- _Required action_
From the records below, output exactly the lines running from the line containing "This Ming Dynasty" through the line containing "Image of T-Shirt", and no others.

- _Information shown_
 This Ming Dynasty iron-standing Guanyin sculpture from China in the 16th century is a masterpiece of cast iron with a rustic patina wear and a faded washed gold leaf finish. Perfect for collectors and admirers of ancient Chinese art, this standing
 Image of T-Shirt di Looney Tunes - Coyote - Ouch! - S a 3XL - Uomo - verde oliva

---

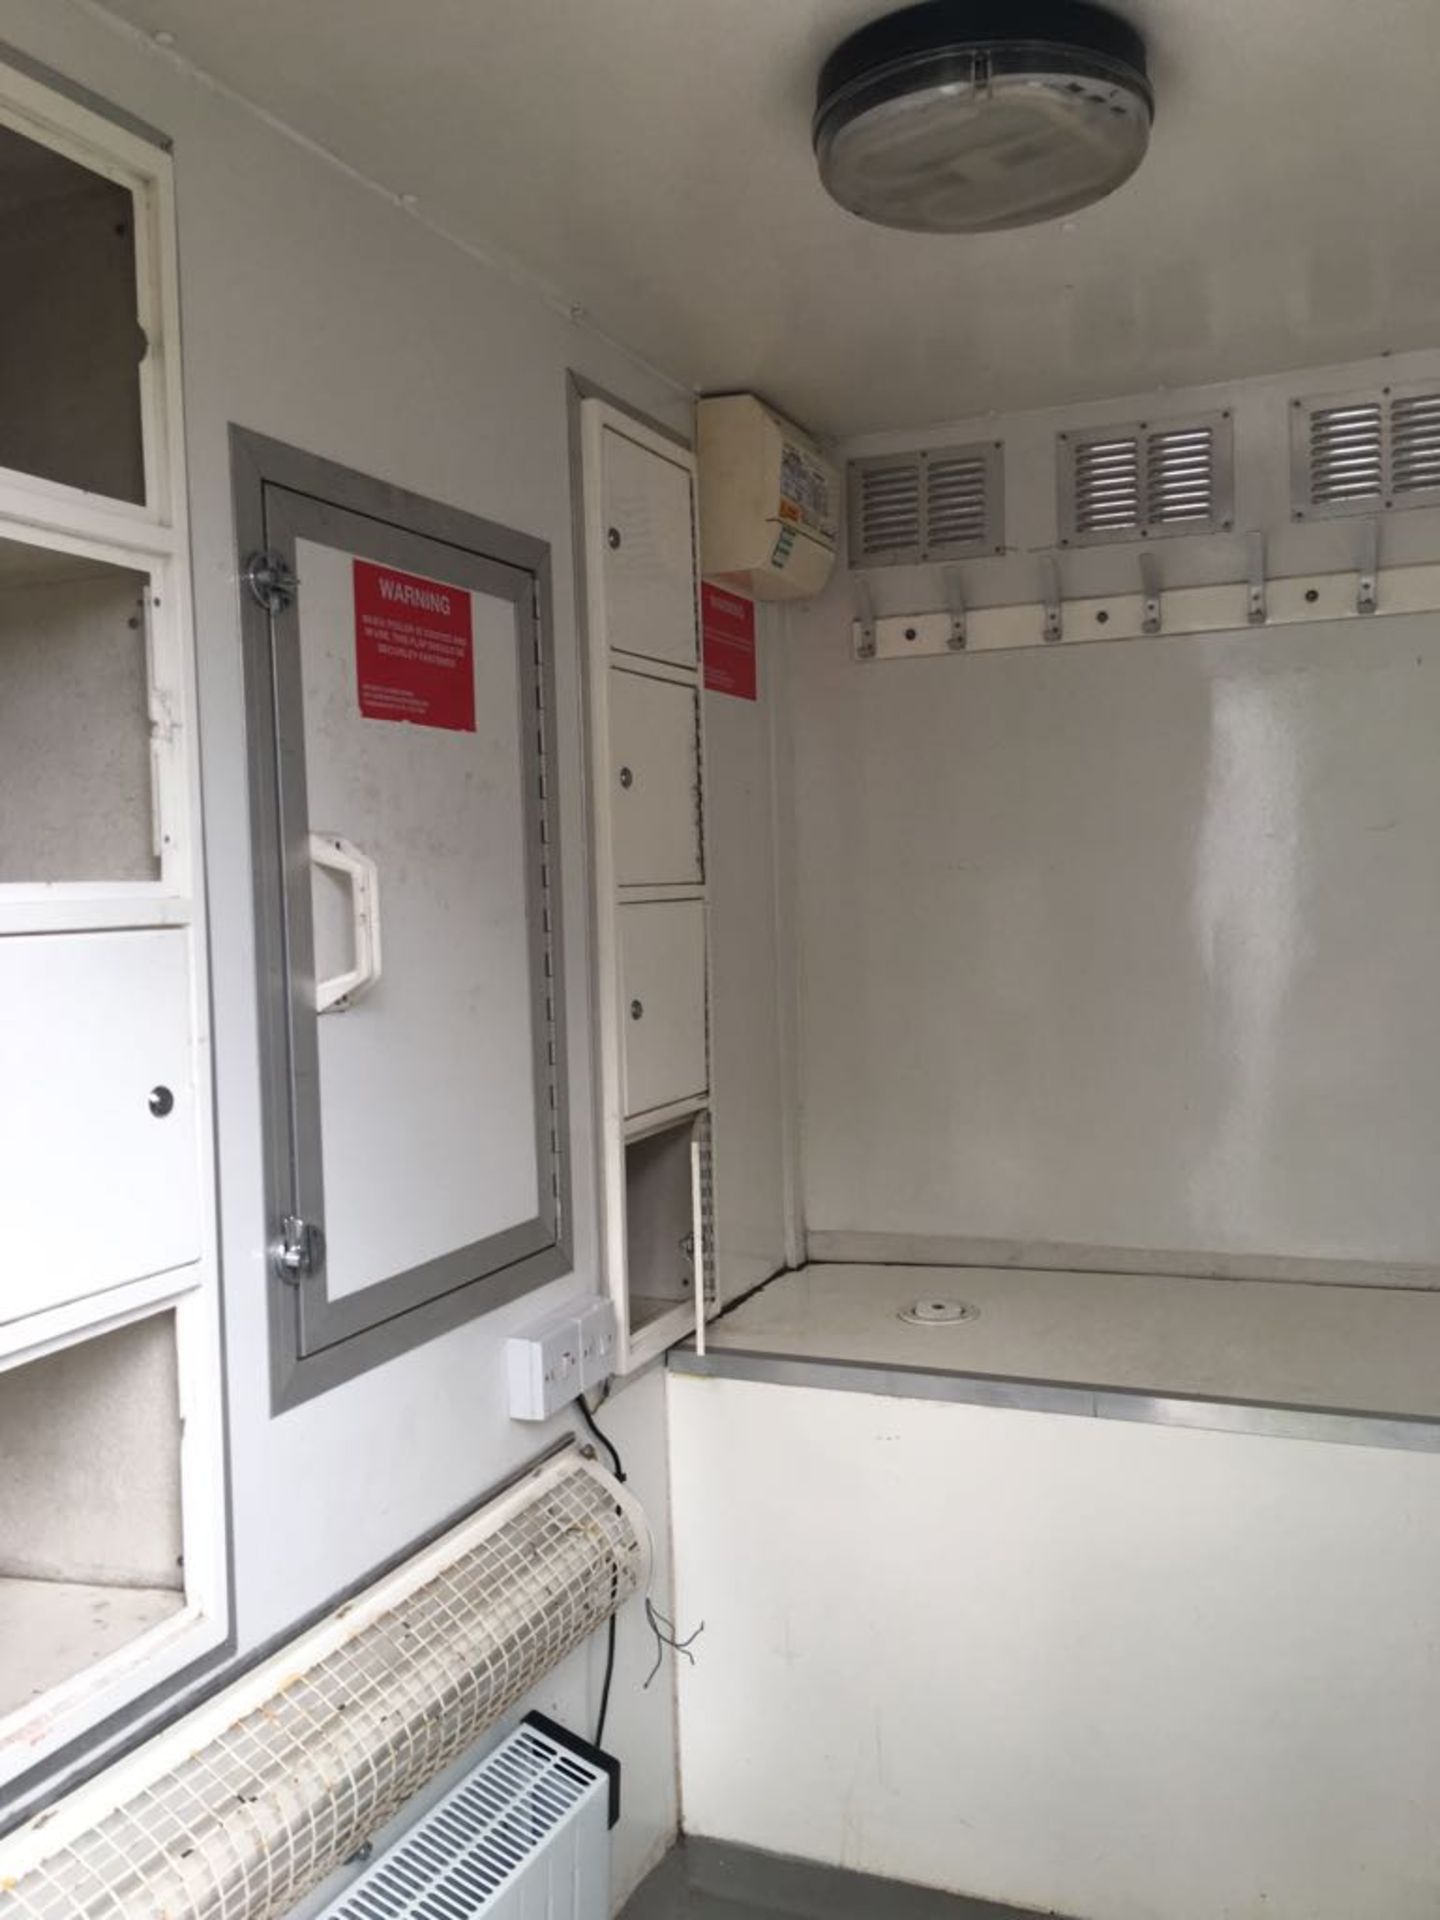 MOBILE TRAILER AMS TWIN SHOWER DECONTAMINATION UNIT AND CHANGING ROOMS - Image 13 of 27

--

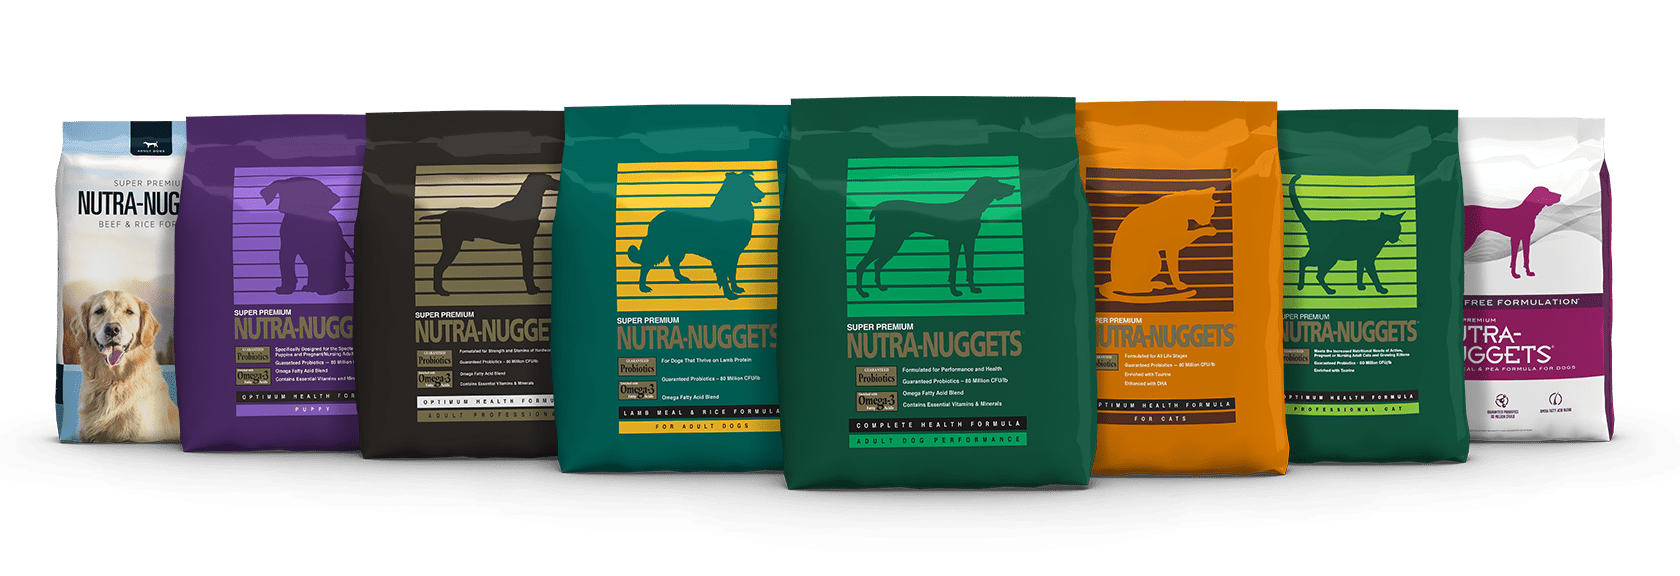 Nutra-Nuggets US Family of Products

- _Task solution_
 This Ming Dynasty iron-standing Guanyin sculpture from China in the 16th century is a masterpiece of cast iron with a rustic patina wear and a faded washed gold leaf finish. Perfect for collectors and admirers of ancient Chinese art, this standing
 Image of T-Shirt di Looney Tunes - Coyote - Ouch! - S a 3XL - Uomo - verde oliva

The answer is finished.